With a general bullishness amongst the heavyweights, specific money managers have jumped into Dollar General Corp. (NYSE:DG) headfirst. Candlestick Capital Management, managed by Jack Woodruff, established the most outsized position in Dollar General Corp. (NYSE:DG). Candlestick Capital Management had $35.6 million invested in the company at the end of the quarter. Alexander Mitchell’s Scopus Asset Management also initiated a $15.5 million position during the quarter. The other funds with new positions in the stock are Brian Scudieri’s Kehrs Ridge Capital, Benjamin A. Smith’s Laurion Capital Management, and Parvinder Thiara’s Athanor Capital.

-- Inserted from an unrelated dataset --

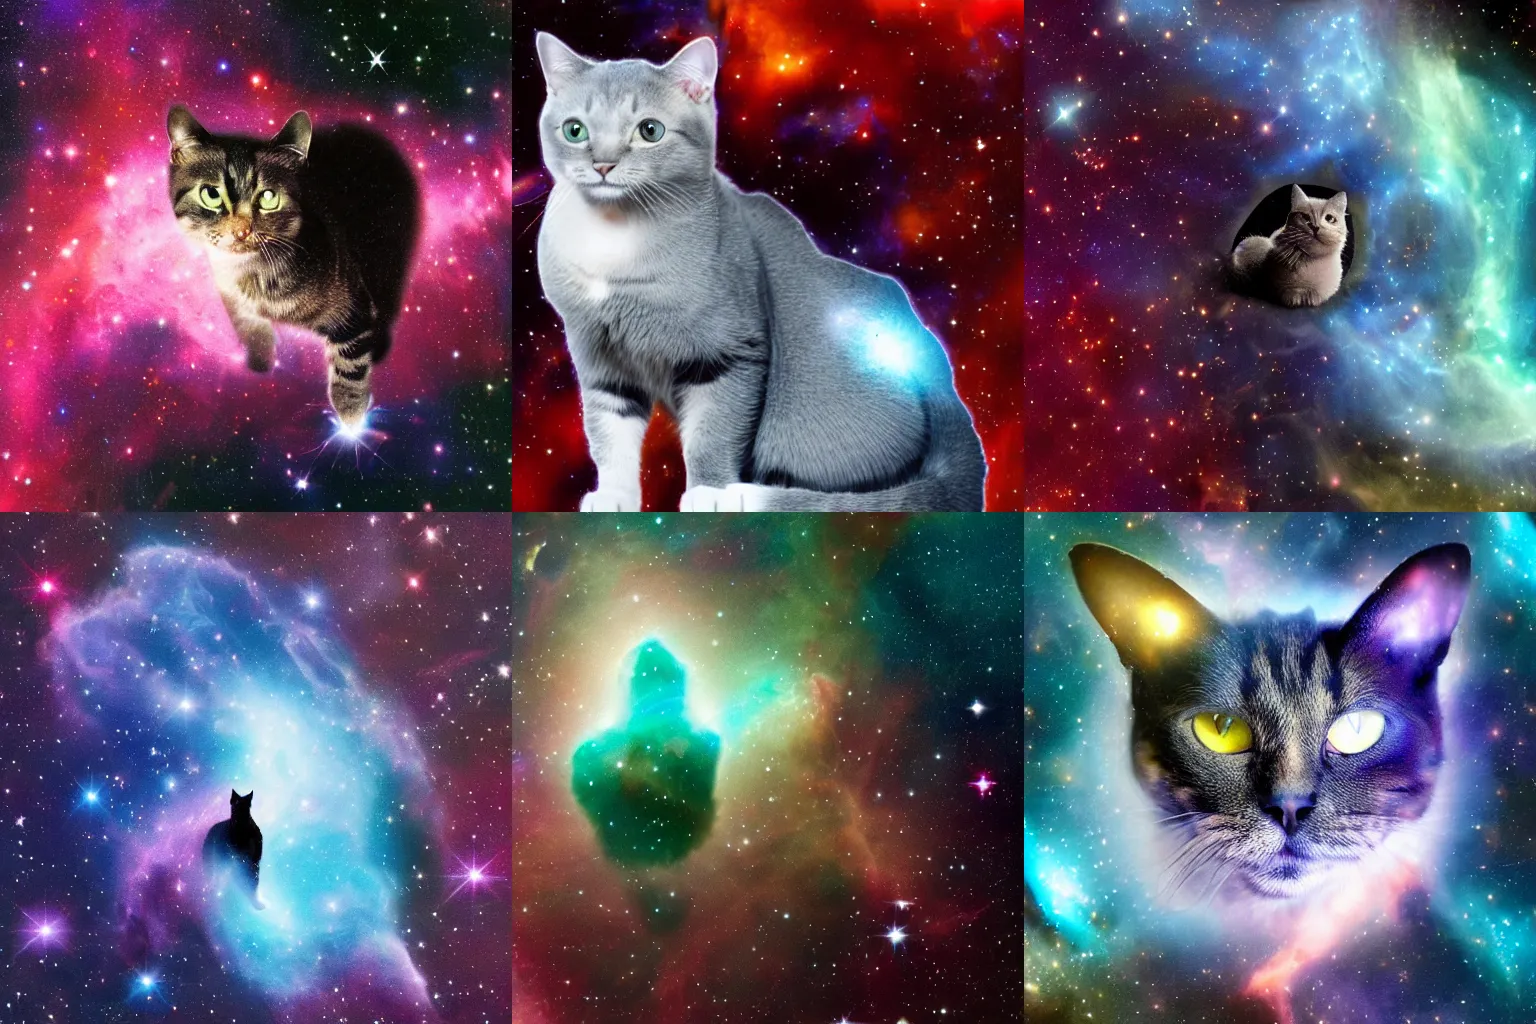 Prompt: a cat made of nebula in space

Let’s go over hedge fund activity in other stocks – not necessarily in the same industry as Dollar General Corp. (NYSE:DG) but similarly valued. We will take a look at Manulife Financial Corporation (NYSE:MFC), FedEx Corporation (NYSE:FDX), The Kraft Heinz Company (NASDAQ:KHC), and NetEase, Inc (NASDAQ:NTES). This group of stocks’ market valuations match DG’s market valuation.
|Ticker||No of HFs with positions||Total Value of HF Positions (x1000)||Change in HF Position|
View table here if you experience formatting issues.
As you can see these stocks had an average of 35.5 hedge funds with bullish positions and the average amount invested in these stocks was $4083 million. That figure was $2076 million in DG’s case. FedEx Corporation (NYSE:FDX) is the most popular stock in this table. On the other hand Manulife Financial Corporation (NYSE:MFC) is the least popular one with only 19 bullish hedge fund positions. Compared to these stocks Dollar General Corp. (NYSE:DG) is more popular among hedge funds. Our calculations showed that top 20 most popular stocks among hedge funds returned 41.3% in 2019 and outperformed the S&P 500 ETF (SPY) by 10.1 percentage points. These stocks lost 12.9% in 2020 through March 9th but still managed to beat the market by 1.9 percentage points. Hedge funds were also right about betting on DG as the stock returned 2.3% so far in Q1 (through March 9th) and outperformed the market by an even larger margin. Hedge funds were clearly right about piling into this stock relative to other stocks with similar market capitalizations.